DESCRIPTION (provided by applicant): The goal of these studies is to determine how Brain derived neurotrophic factor (BDNF) and its receptor TrkB influence vasopressin release to a progressive physiological challenge, water deprivation. Our data suggest that BDNF may facilitate both glutamate and GABA signaling during water deprivation by causing phosphorylation NR2B and increasing the expression of the chloride transporter KCC2. Increased NR2B phosphorylation would increase NMDA receptor activation enhancing vasopressin release while increased KCC2 activity could increase the inhibitory effects of GABA representing a homeostatic synaptic compensation to increased excitation during water deprivation.
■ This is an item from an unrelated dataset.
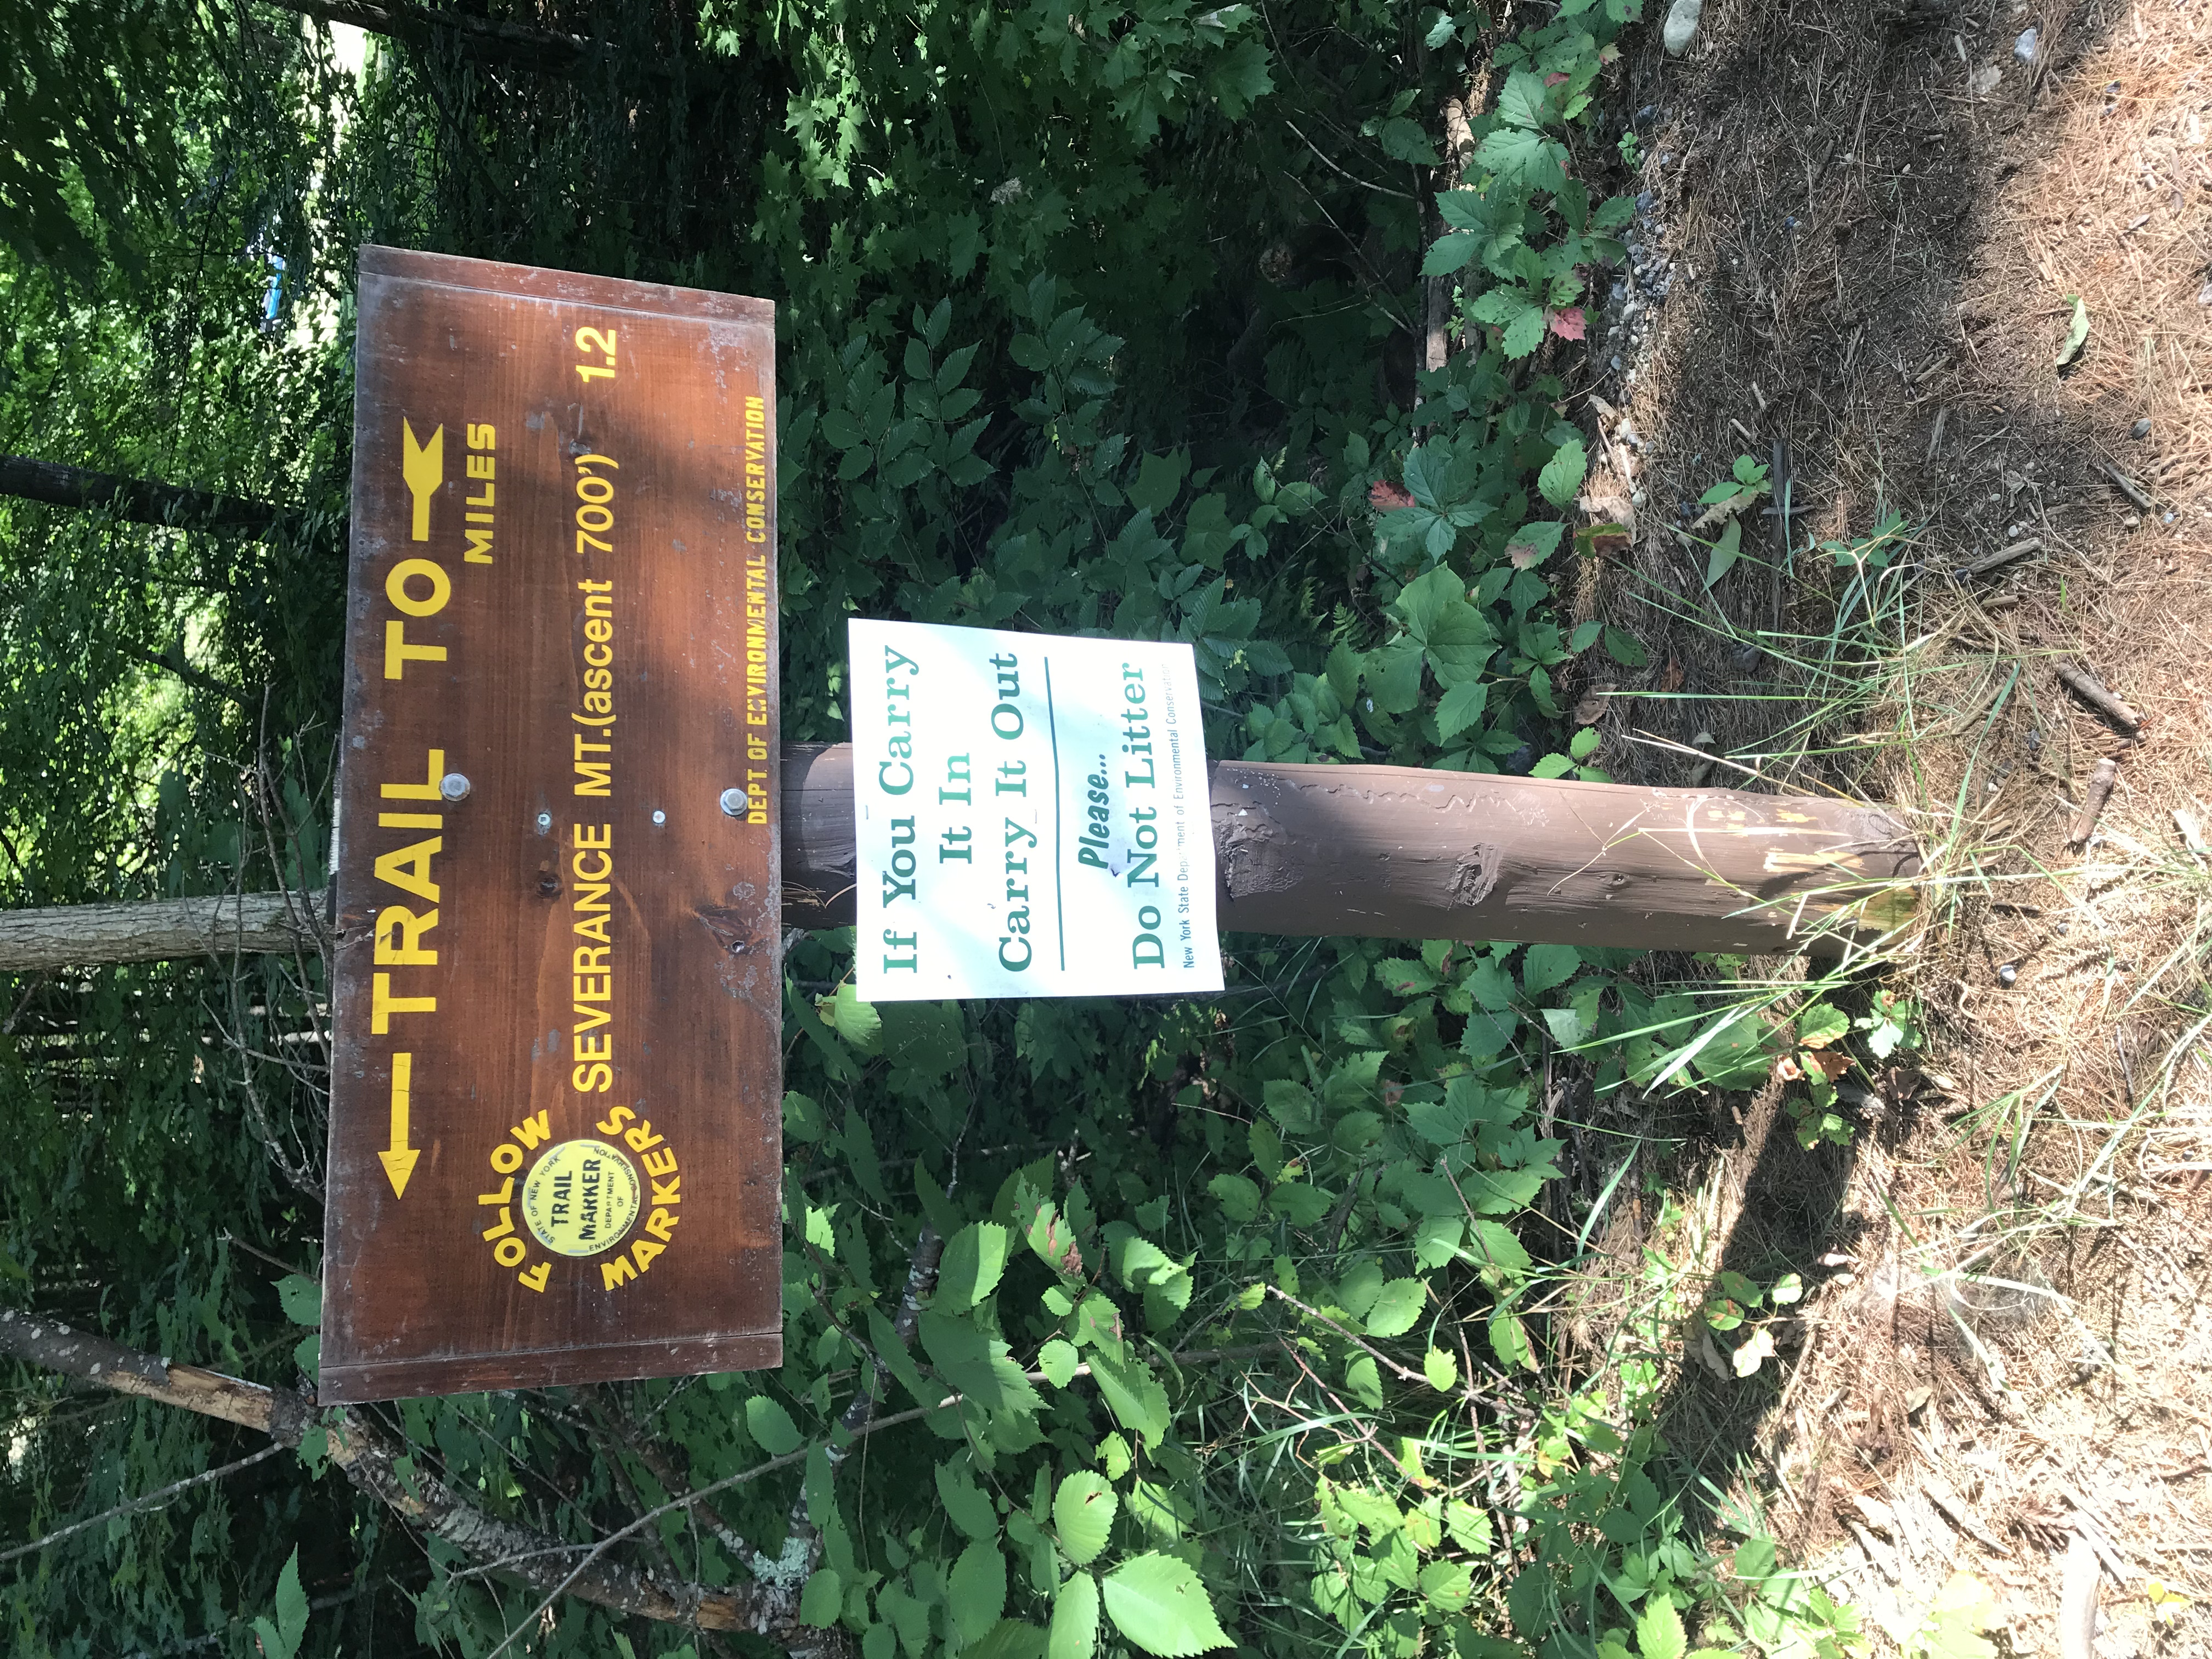 Severance Mountain Trail Sign showing it is 1.2 miles to the summit of the mountain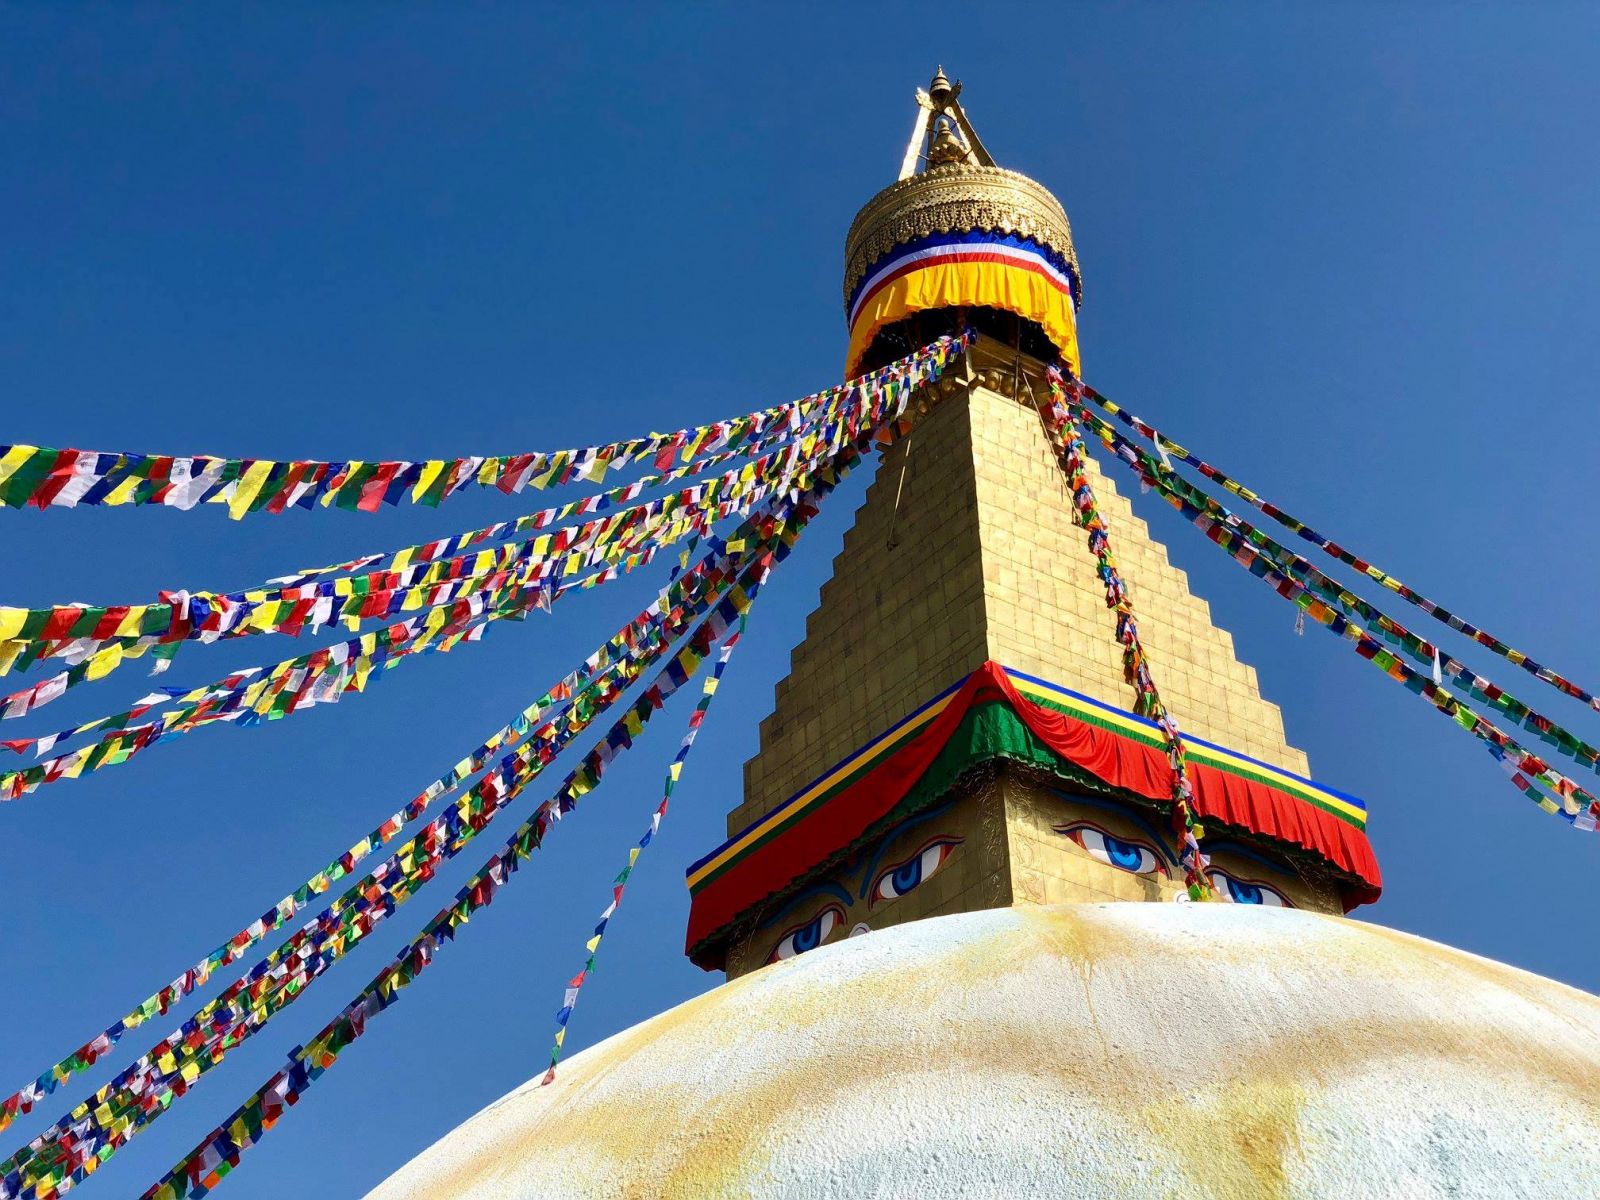 The Boudhanath Stupa, down the hill from Kopan Monastery, in Kathmandu. Each year we begin the Nepal & India pilgrimage at Kopan and also spend time at Boudha, doing practices as advised by Lama Zopa Rinpoche. Photo: Lauren Ross, Nepal & India Pilgrimage 2018.

Specific Aim 1: to determine the role of neurohypophysial BDNF-TrkB signaling and enhanced glutamate action through NR2B phosphorylation during sustained vasopressin release induced by water deprivation. Hypothesis: Phosphorylation of TrkB associated with water deprivation leads to enhanced glutamate activity due to phosphorylation of NR2B NMDA receptor subunits through Fyn kinase, a member of the Src kinase family contributing to NMDA mediated plasticity in MNCs Specific Aim 2: to test the hypothesis that neurohypophysial BDNF-TrkB signaling enhances the inhibitory effects of GABA during water deprivation. Hypothesis: BDNF-TrkB signaling during water deprivation increases KCC2 expression enhancing the inhibitory effects of GABA in MNCs via Src kinase and without the activation of Phospholipase C gamma. Methods: These experiments will for the first time define the roles of BDNF-TrkB signaling in the homeostatic regulation of sustained AVP release. An integrative approach will be employed that includes in vitro and in vivo electrophysiological experiments, whole animal experiments in which TrkB and Src kinase antagonists will be locally applied to the SON, and functional studies of water balance and AVP release in the rat. Benefit: These experiments will address an existing gap in our understanding of the physiological regulation of neurohypophyseal function. The findings of these experiments could potentially alter the way that inappropriate vasopressin release is studied and conceptualized clinically.

描述（由申请人提供）：这些研究的目的是确定脑源性神经营养因子 (BDNF) 及其受体 TrkB 如何影响加压素释放以应对进行性生理挑战（缺水）。我们的数据表明，BDNF 可能通过引起 NR2B 磷酸化并增加氯离子转运蛋白 KCC2 的表达，从而在缺水期间促进谷氨酸和 GABA 信号传导。 NR2B 磷酸化的增加会增加 NMDA 受体的激活，从而增强加压素的释放，而 KCC2 活性的增加会增加 GABA 的抑制作用，代表对缺水期间兴奋增加的稳态突触补偿。具体目标 1：确定缺水诱导的加压素持续释放过程中神经垂体 BDNF-TrkB 信号传导和通过 NR2B 磷酸化增强谷氨酸作用的作用。假设：与缺水相关的 TrkB 磷酸化导致谷氨酸活性增强，这是由于 NR2B NMDA 受体亚基通过 Fyn 激酶磷酸化，Fyn 激酶是 Src 激酶家族的成员，有助于 NMDA 介导的跨国公司可塑性 具体目标 2：检验神经垂体 BDNF-TrkB 信号传导增强神经垂体 BDNF-TrkB 信号传导的假设 缺水期间 GABA 的抑制作用。假设：缺水期间 BDNF-TrkB 信号传导增加 KCC2 表达，通过 Src 激酶增强 MNC 中 GABA 的抑制作用，而无需激活磷脂酶 C γ。方法：这些实验将首次明确 BDNF-TrkB 信号在 AVP 持续释放的稳态调节中的作用。将采用综合方法，包括体外和体内电生理学实验、将 TrkB 和 Src 激酶拮抗剂局部应用于 SON 的整体动物实验，以及大鼠体内水平衡和 AVP 释放的功能研究。好处：这些实验将解决我们对神经垂体功能的生理调节的理解中现有的差距。这些实验的结果可能会改变不适当的加压素释放的临床研究和概念化方式。